What this task involves — Your task is to transcribe exactly, and only, the lines running from the one with "Jay Trim Fit" to the end of the listing below, inclusive, with every picture left out.

Data shown —
§
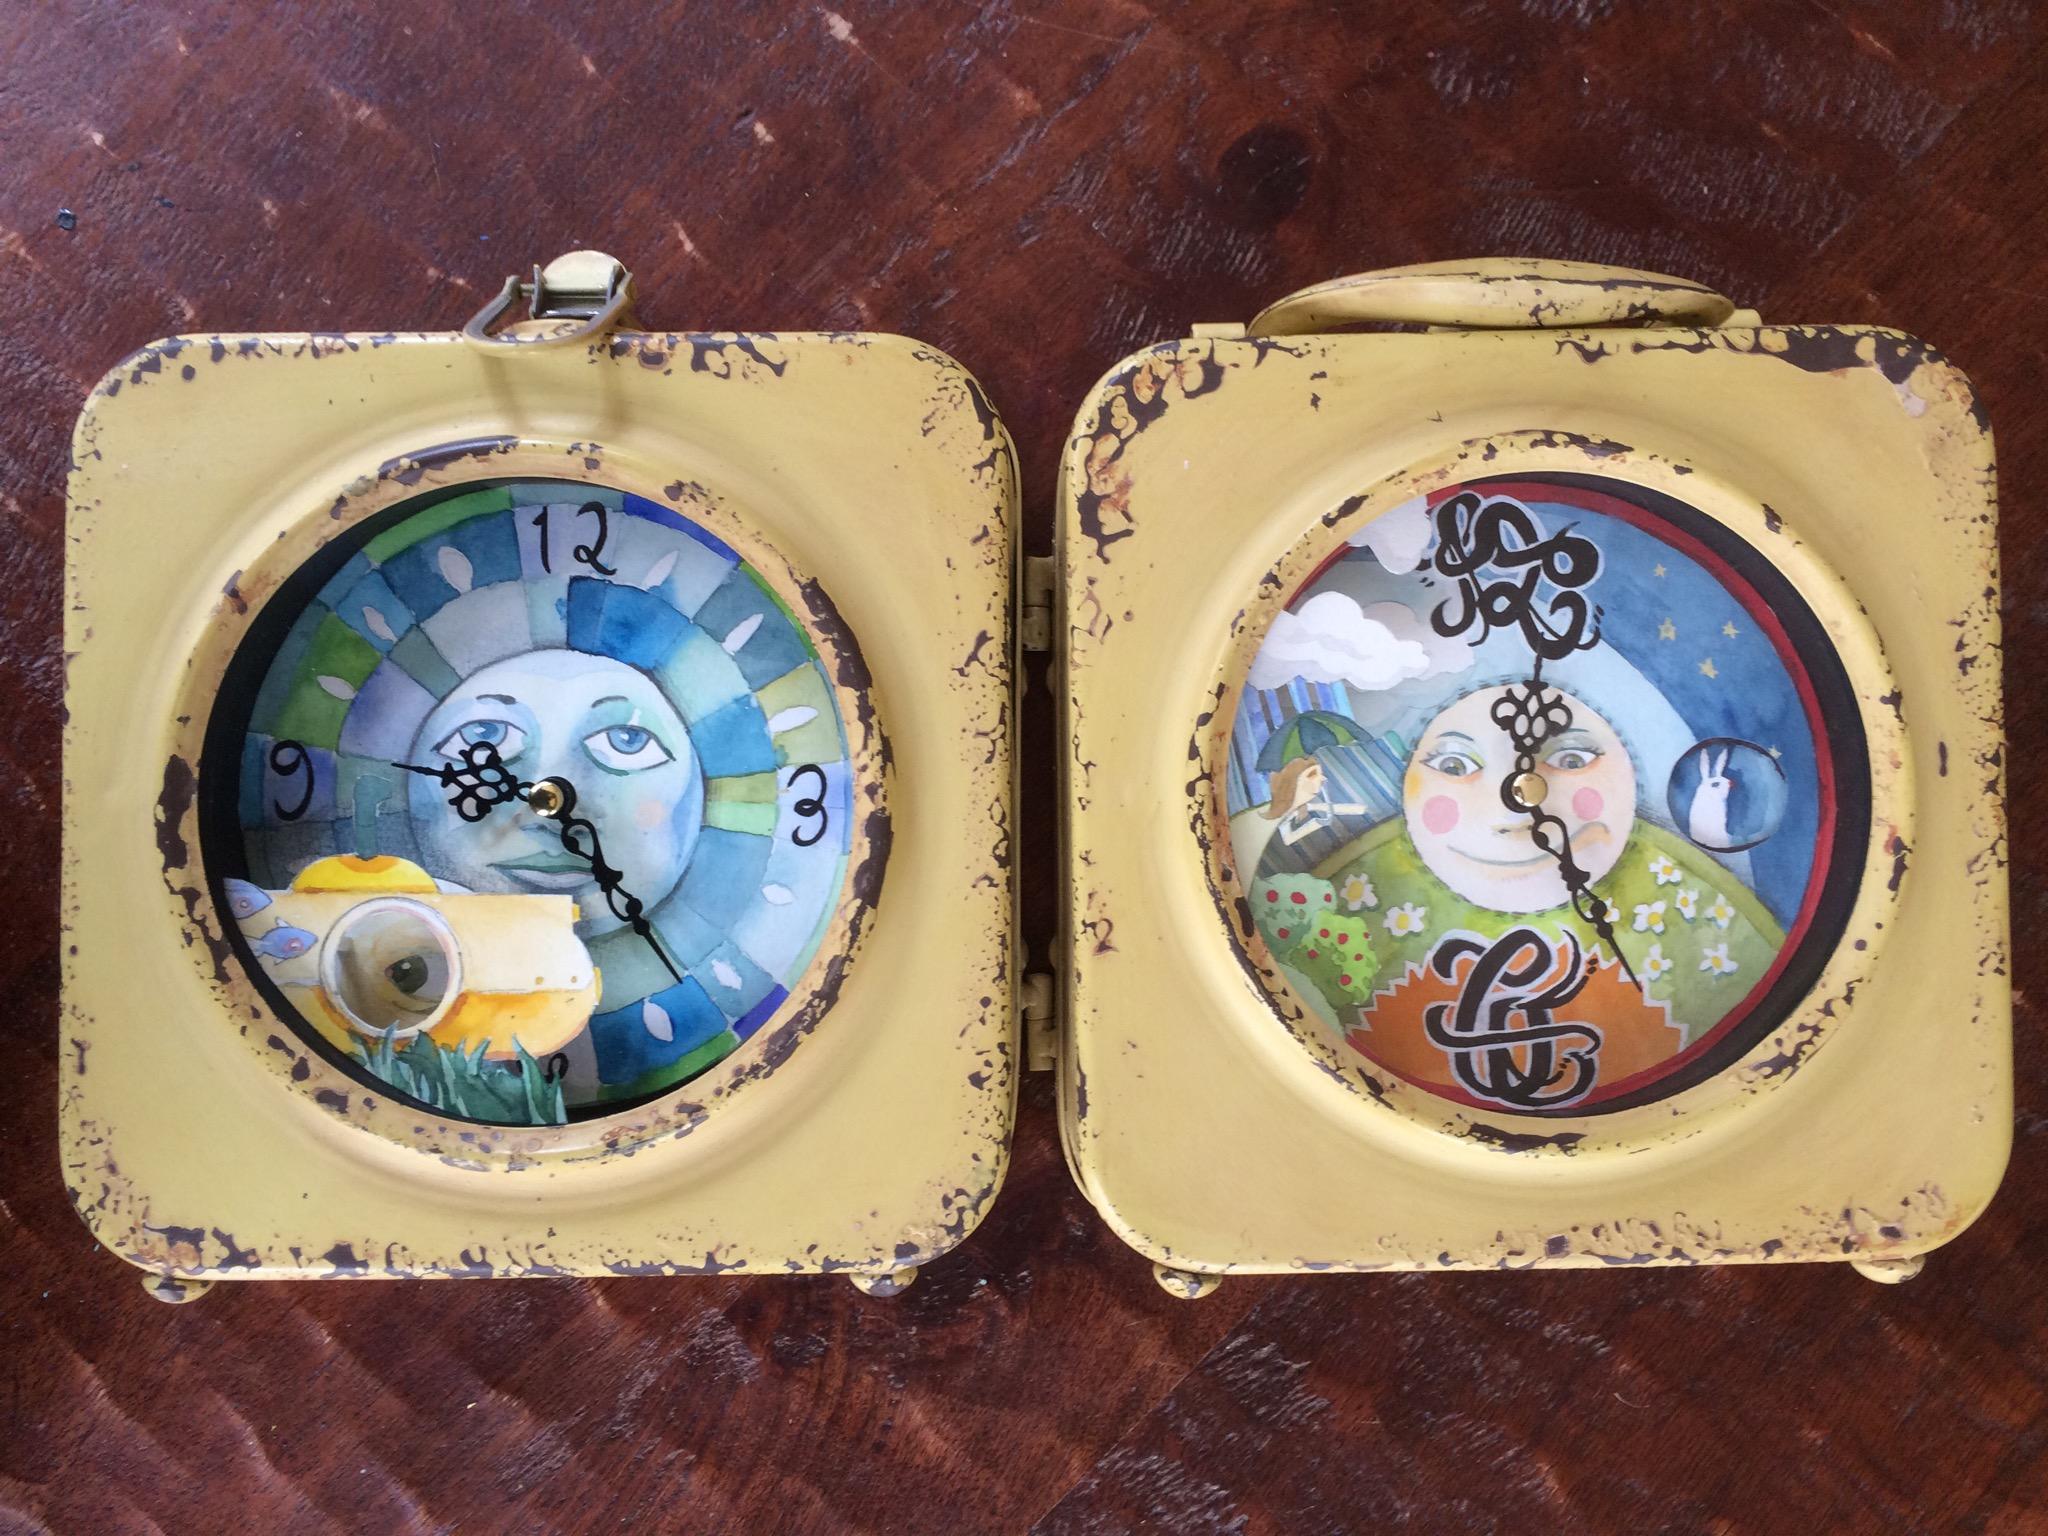 Clock? A new coast to coast lunchbox style clock.
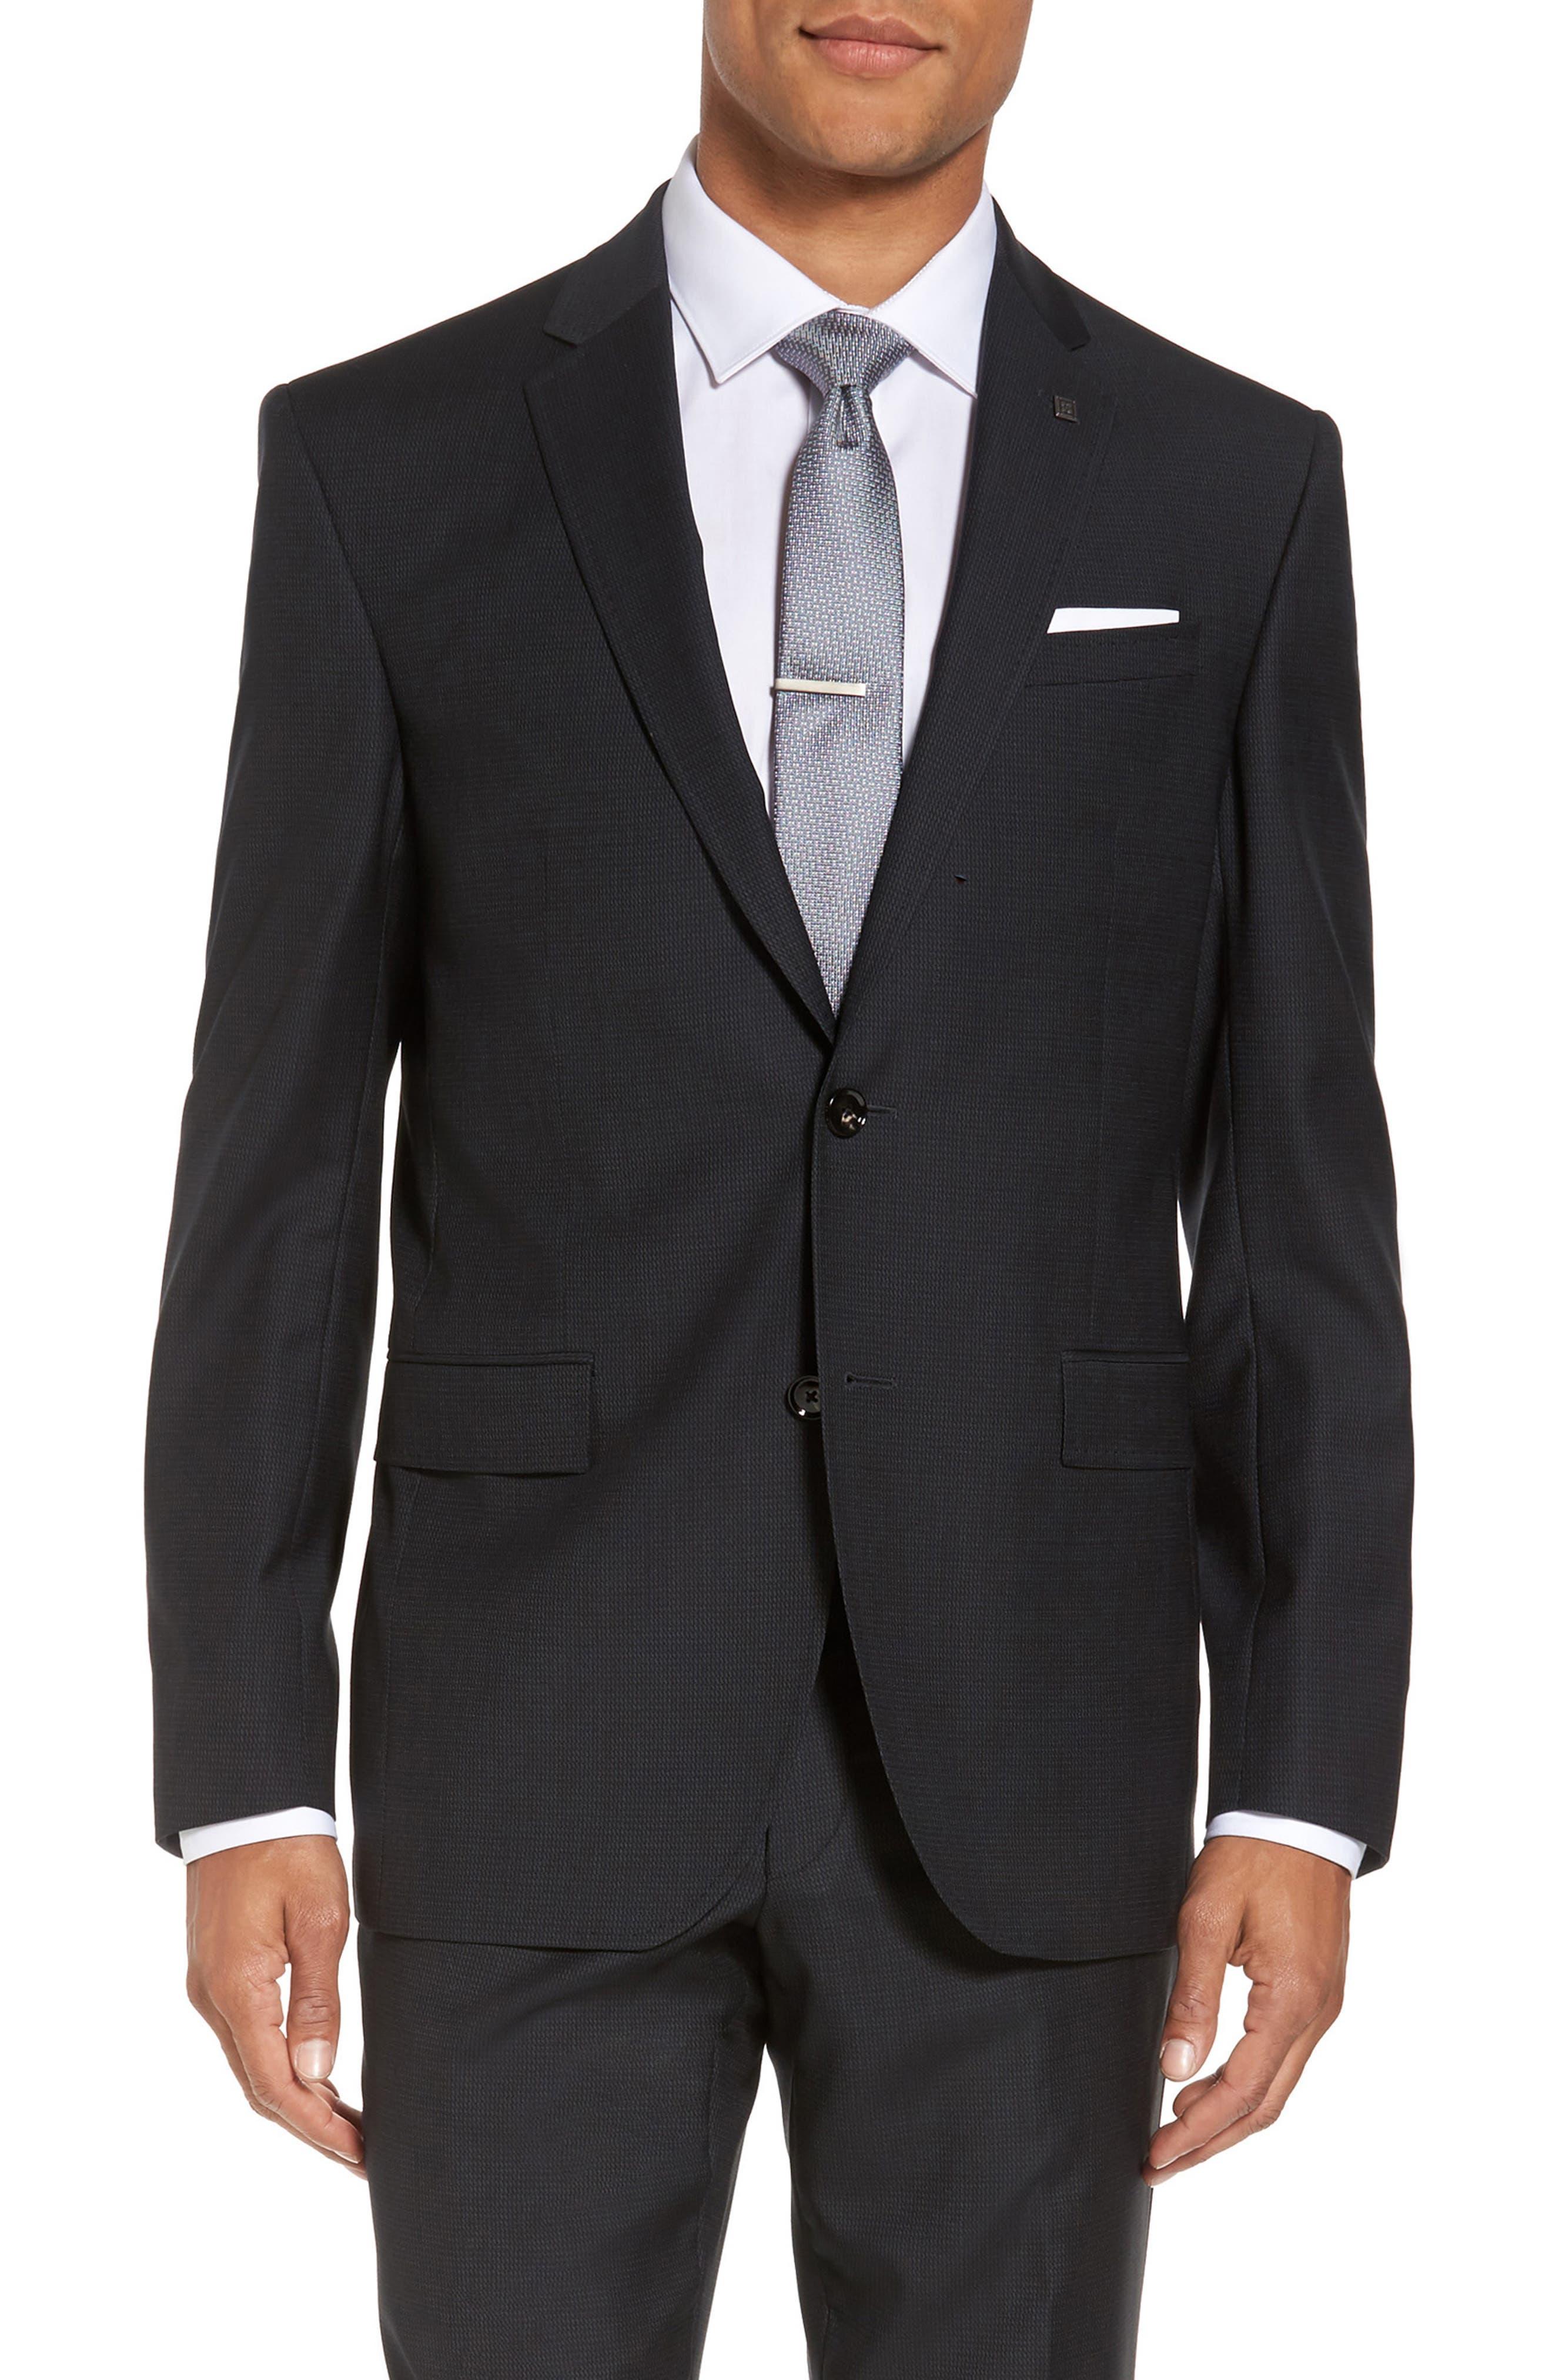 Jay Trim Fit Solid Wool Suit,                             Alternate thumbnail 5, color,                             001
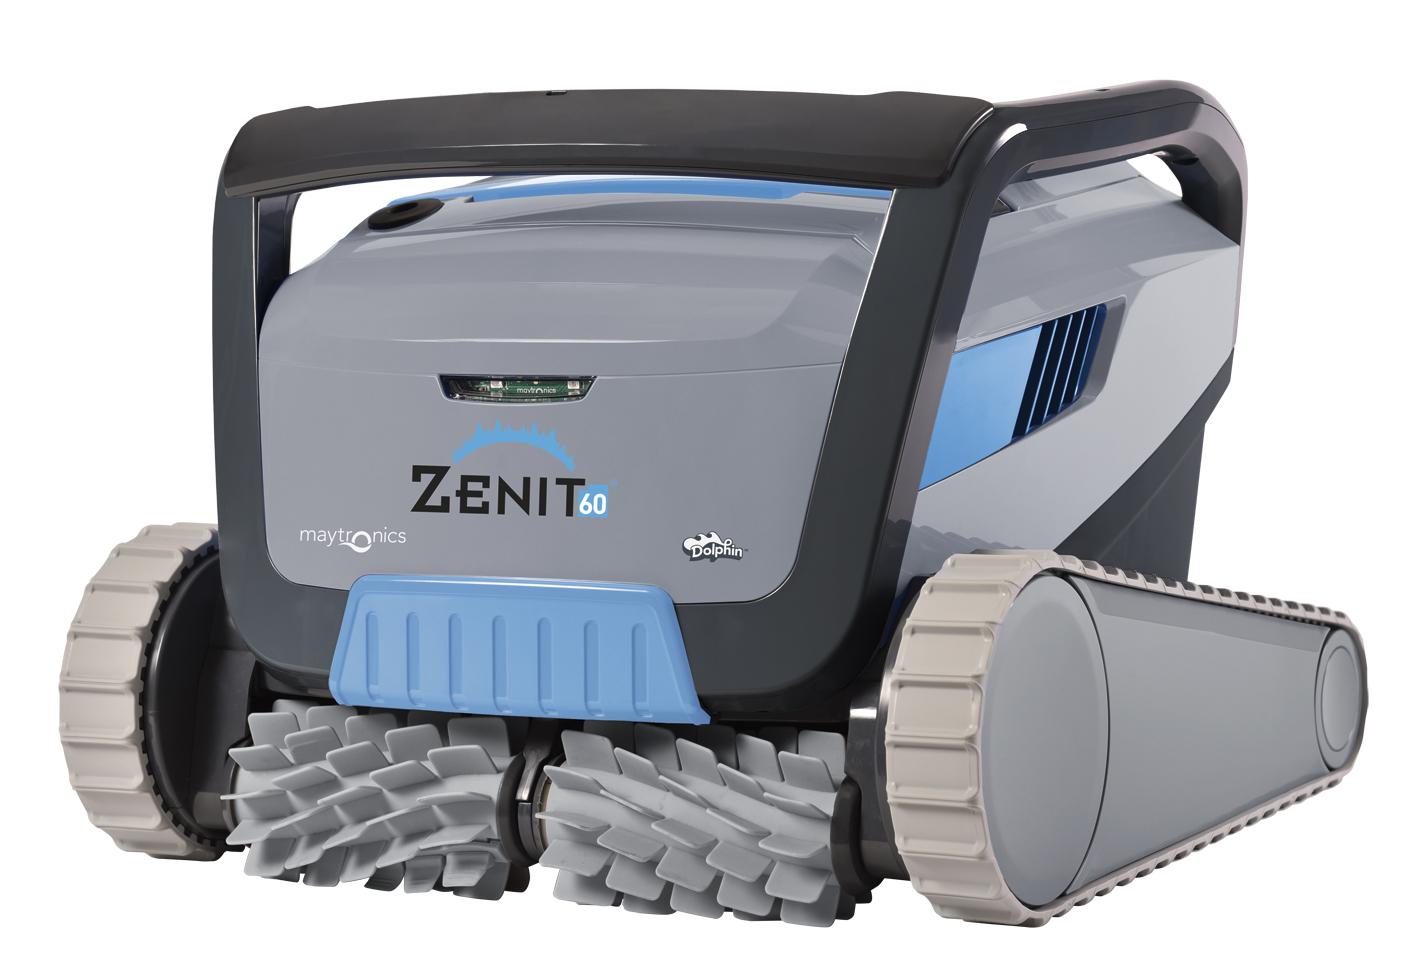 Robot Dolphin Zenit 60 | MAYTRONICS
§
Task response —
 Jay Trim Fit Solid Wool Suit,                             Alternate thumbnail 5, color,                             001
 Robot Dolphin Zenit 60 | MAYTRONICS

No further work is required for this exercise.